A Google search led me to WWOOF. I was immediately intrigued and signed up to work for a couple of weeks in the late summer on a farm in western Illinois. 

I had no idea that the adventure I was about to embark upon would coincide with loss, pain, confusion, grief, and radical change. In the time since that first Google search, both my parents have passed away. I participated in their final illnesses and in their deaths. At the same time I began a process of separation from my longtime collaborator.

My experience on the farm can only be seen through that prism. Today, I find the work I have done for so many years—reading and writing—immensely difficult. Today, I find peace, experience belonging when I am working on or exploring the land. So I will allow myself the luxury of a disjointed report.

I arrived at St. Francis after a twenty-four hour bus ride, a month and a half after my mother died. I found a place and people that both challenged me and provided solace. That exposed me to new ideas and experiences and allowed me the comfort of the familiar. The pace of life at St. Francis is healing. The focus. The intensity. The connection to the land. The respect for it. The attention to it. I remember a line… in a play? or some movie? “Attention must be paid.” It is.

Then there was… The weird, uncontainable child-like joy of driving the tractor and running the sawmill. What is it about big machines?   The disappointment that I never succeeded in completing a milking.

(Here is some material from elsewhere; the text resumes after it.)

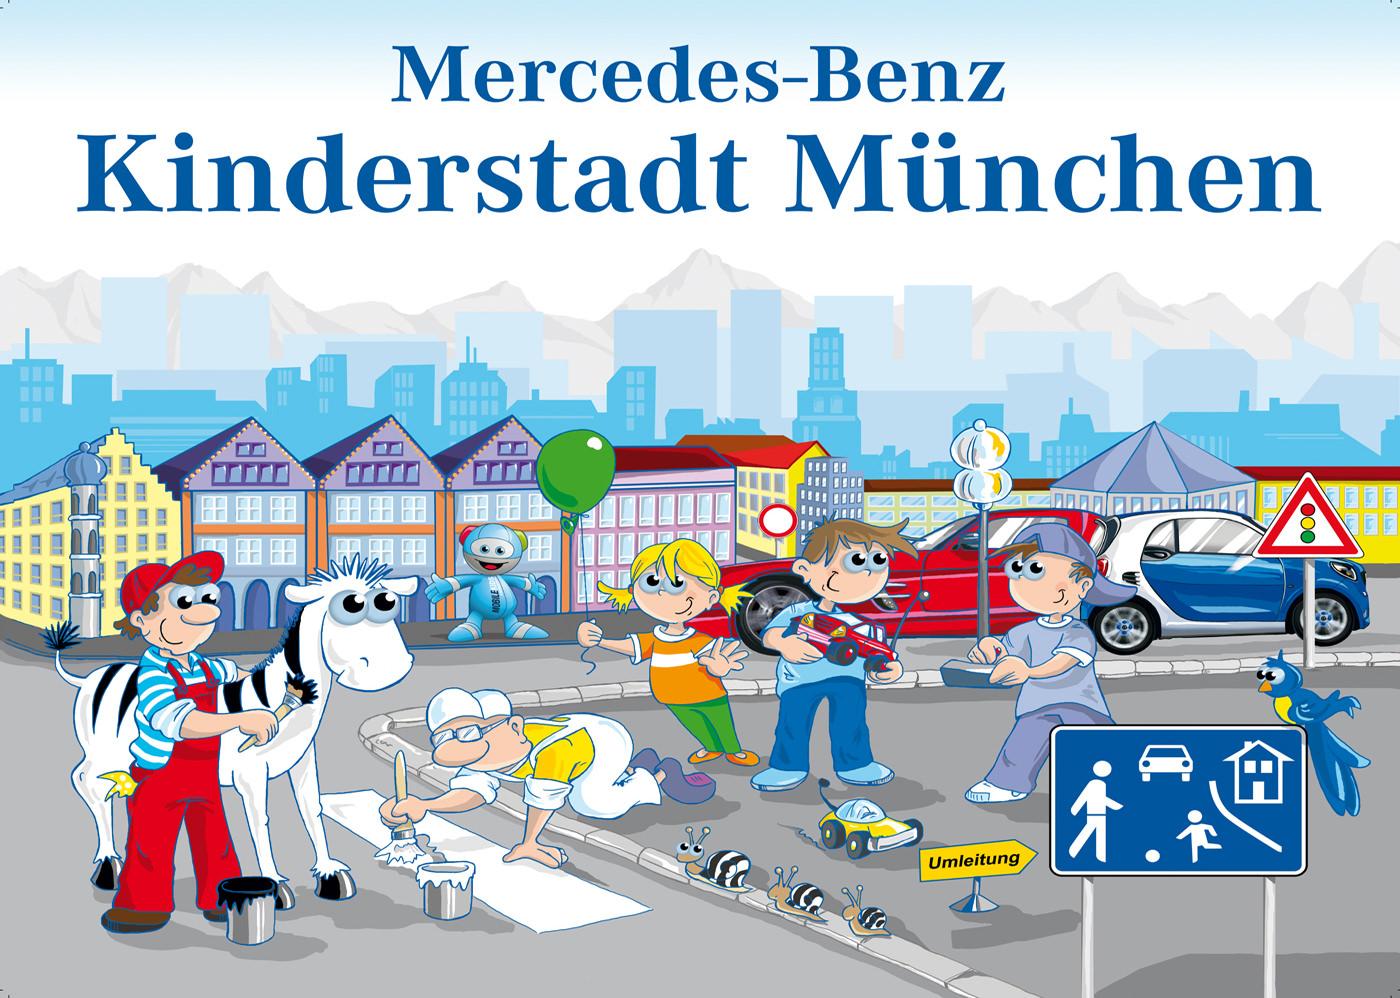 Ravernsburger Marken Erlebniswelt - Mercerdes Benz Kinderstadt

Who knew that milking a goat would use those muscles and that those muscles would simply stop and say “Nope. No more” after just a few minutes?   The conversations! The joy of shared intellectual curiosity while weeding, digging, mucking, walking. The challenge and fruit of the explorations in honesty and communication.

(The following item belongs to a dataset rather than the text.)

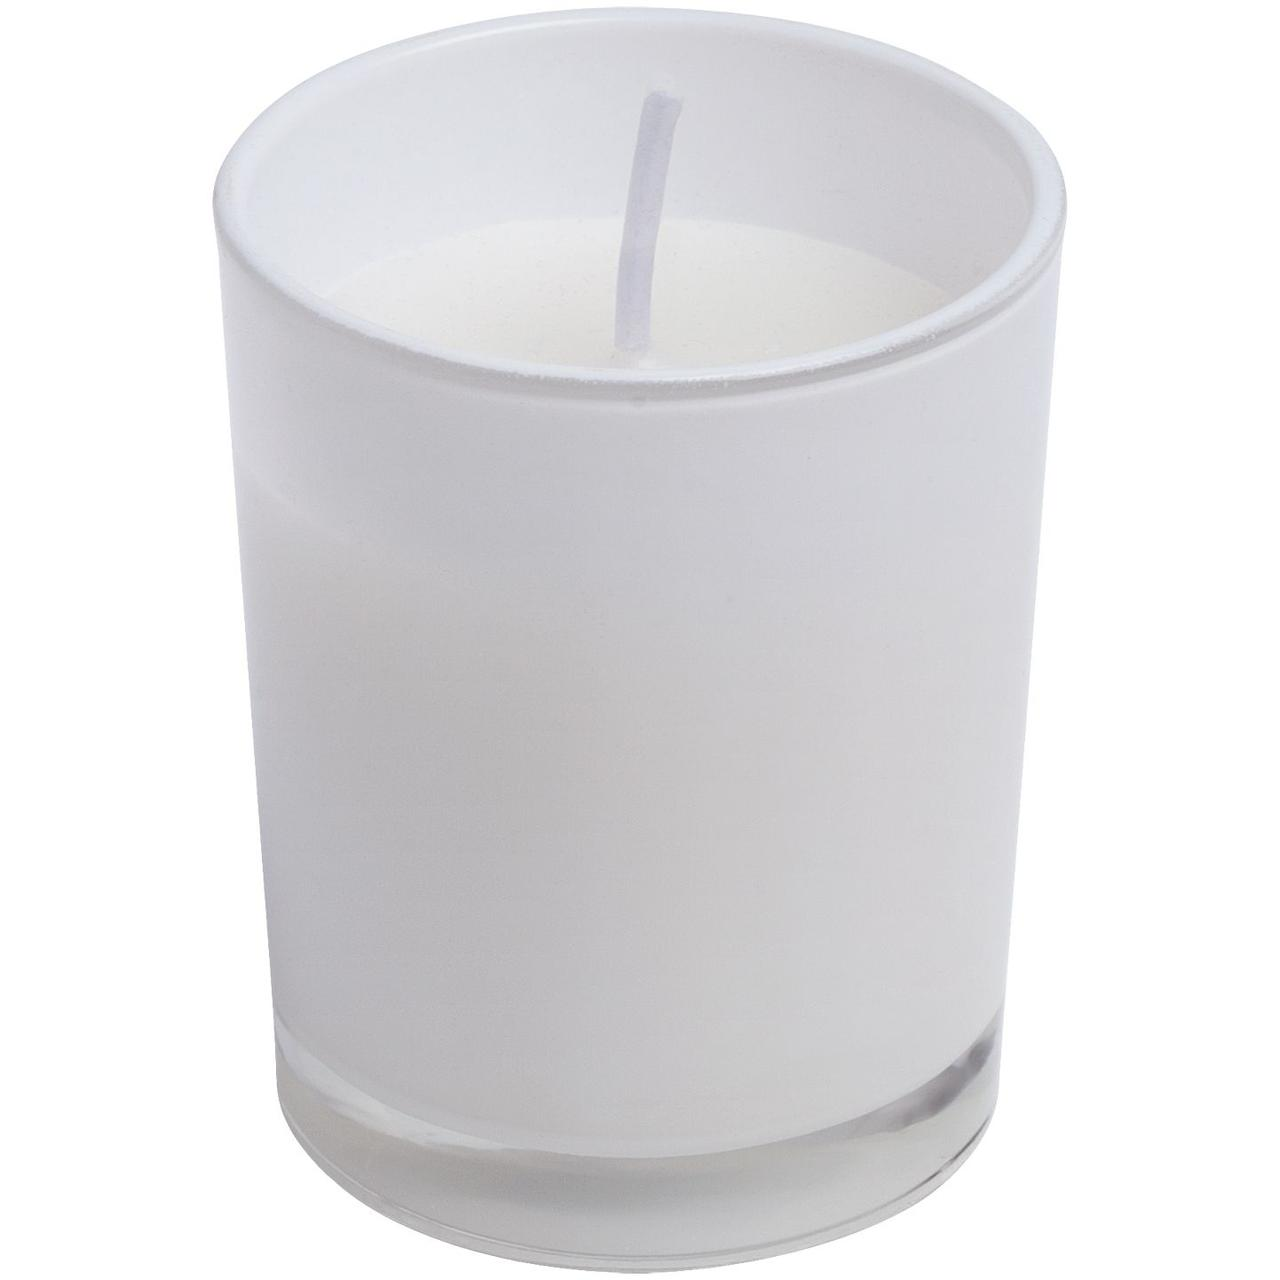 Свеча Glimmy, белая (артикул 7697.66)

The details of each day, the feel of each day, the fact that each day I contributed something tangible: turned compost, fresh cheese, clover for tea, foraged food for goats and bunnies, hilled potatoes, moved rocks, gathered spring water.

Singing! Something I had not done out loud except on the rarest of occasions.

I recognize that the opportunity to be able to work hard and productively without the responsibility for the ultimate outcome—or the need for a successful outcome in order to survive—is a gift.